Open marshallbrekka opened 7 years ago
As it currently stands, credentials are only requested from STS on an as needed basis.
This is not entirely correct, it will hit STS once every 15 minutes as the credentials are cached thereafter. This seemed like an acceptable tradeoff.
This can be solved with three components
- Fetch credentials as soon as the pod is added
- A goroutine per pod to refresh the credentials before they expire
- Stop the goroutine when the pod is deleted
I don't think this solution will scale to thousands of nodes, potentially hundreds of thousands of pods as:
I would rather increase the caching duration to 60 minutes and/or make it configurable.
I think there is some misunderstanding about the proposed solution, as well as the issue(s) it was meant to solve, I'll try and explain it better below.
This was the primary issue, where if a client failed to find credentials from the metadata service within its default timeout (for some this is 1s, and I have seen STS take longer than that on occasion), it would assume that the metadata service is not available, and move on down the credential provider chain.
This can essentially cause a Pod to fail on startup, and never recover, since the clients cache the credential provider decisions.
As it currently stands, credentials are only requested from STS on an as needed basis.
This is not entirely correct, it will hit STS once every 15 minutes as the credentials are cached thereafter. This seemed like an acceptable tradeoff.
In light of the issue described above, I don't think this tradeoff is acceptable.
This is much less important than the first issue, since it doesn't necessarily cause an outright failure, but for services where latency is important, adding an additional ~100ms on a request is highly undesirable.

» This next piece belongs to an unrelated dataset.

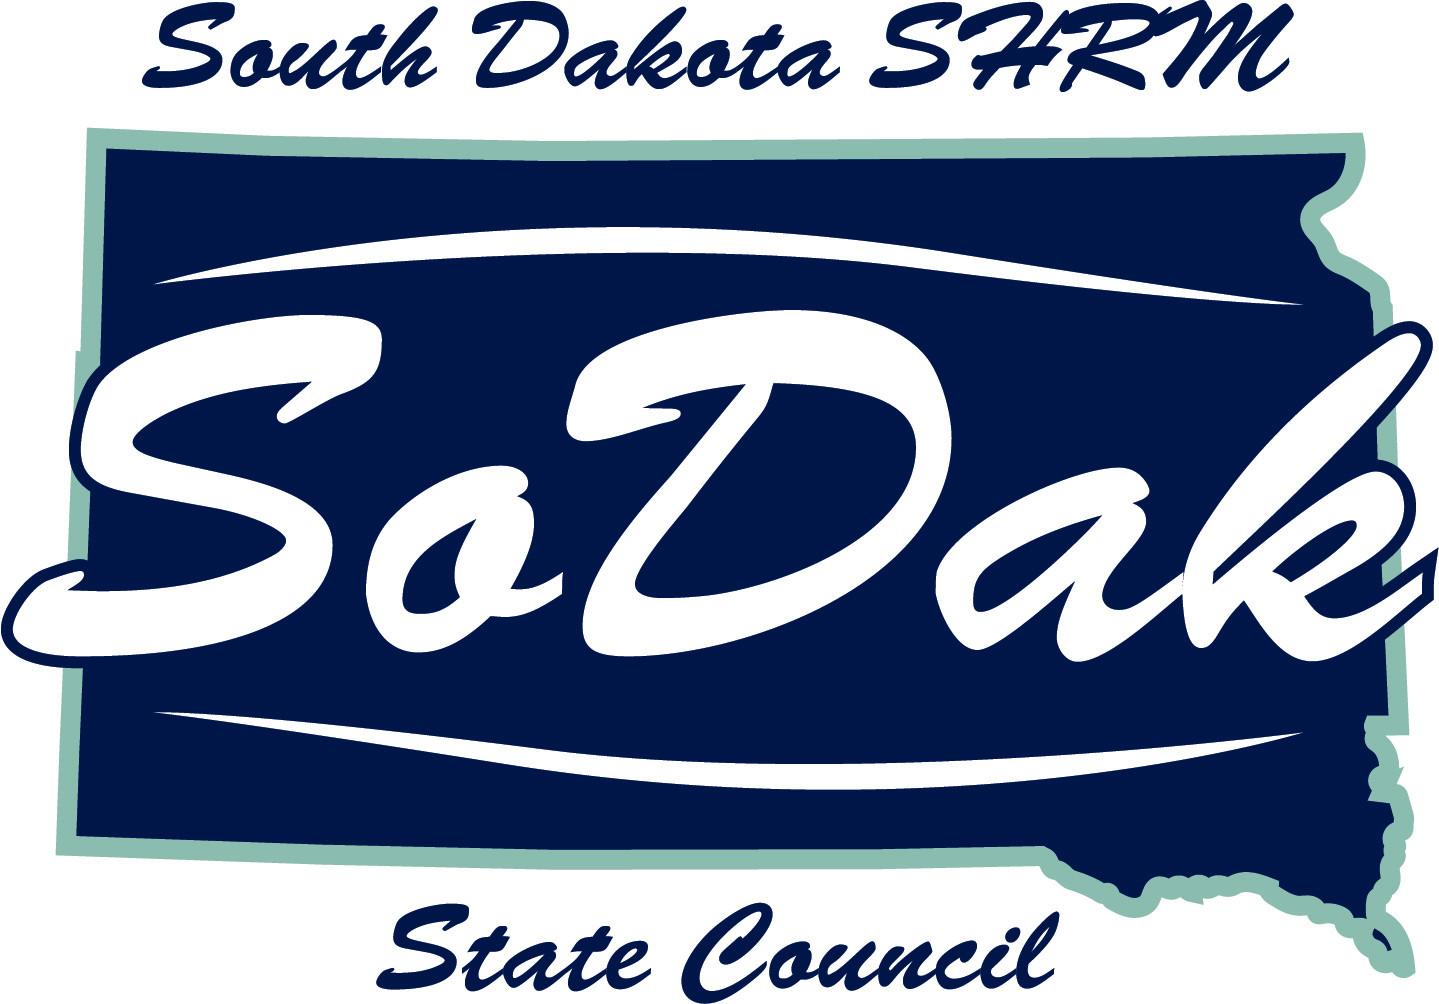 Home | South Dakota SHRM

I don't think this solution will scale to thousands of nodes, potentially hundreds of thousands of pods as:
- it would be hitting the AWS API limits pretty hard and potentially have knocked down effects on the entire AWS account. This is a show stopper imo.
- there could be hundreds of thousands of goroutines running for kube2iam therefore using a lot of performance even if goroutines are cheap.
I think both of these points are easily addressed by a few ideas.
If you limit the pods that kube2iam is monitoring to the ones that exist on the same worker, then you only need to scale the number of goroutines to the max number of pods that can run on a given worker (this is what the implementation in the PR was doing).
This also means that you should only be making AWS STS API calls 1x per pod per cache duration.
If you wanted to further limit the amount of API calls being made, you could share credentials for all pods on a given worker with the same IAM role, which if your pods were actively using their AWS credentials, would be the exact same as the status quo. However that reduces your ability to trace back API calls to a given pod for audit trail purposes, which I think is undesirable.
In general I don't think the performance of the implementation should be any worse than the status quo with the worst case scenario of pods consistently using credentials.
Thoughts?
We are experiencing timeouts in pods being served by kube2iam. The current blocking approach on first request causes this latency. Since it is triggering timeouts, and our goal for kube2iam is transparency, this makes the current approach unworkable from my perspective. I'm not sure that the proposed solution is ideal, but it seems like a good trade-off to me. Namely, the combination of:
sts:AssumeRole
as a pod is placed on a node)Seems like together that would provide a reasonable balance between observed credential fetch latency, AWS API limits and kube2iam memory/CPU load.
That said, I'm like missing something important ;). What am I missing?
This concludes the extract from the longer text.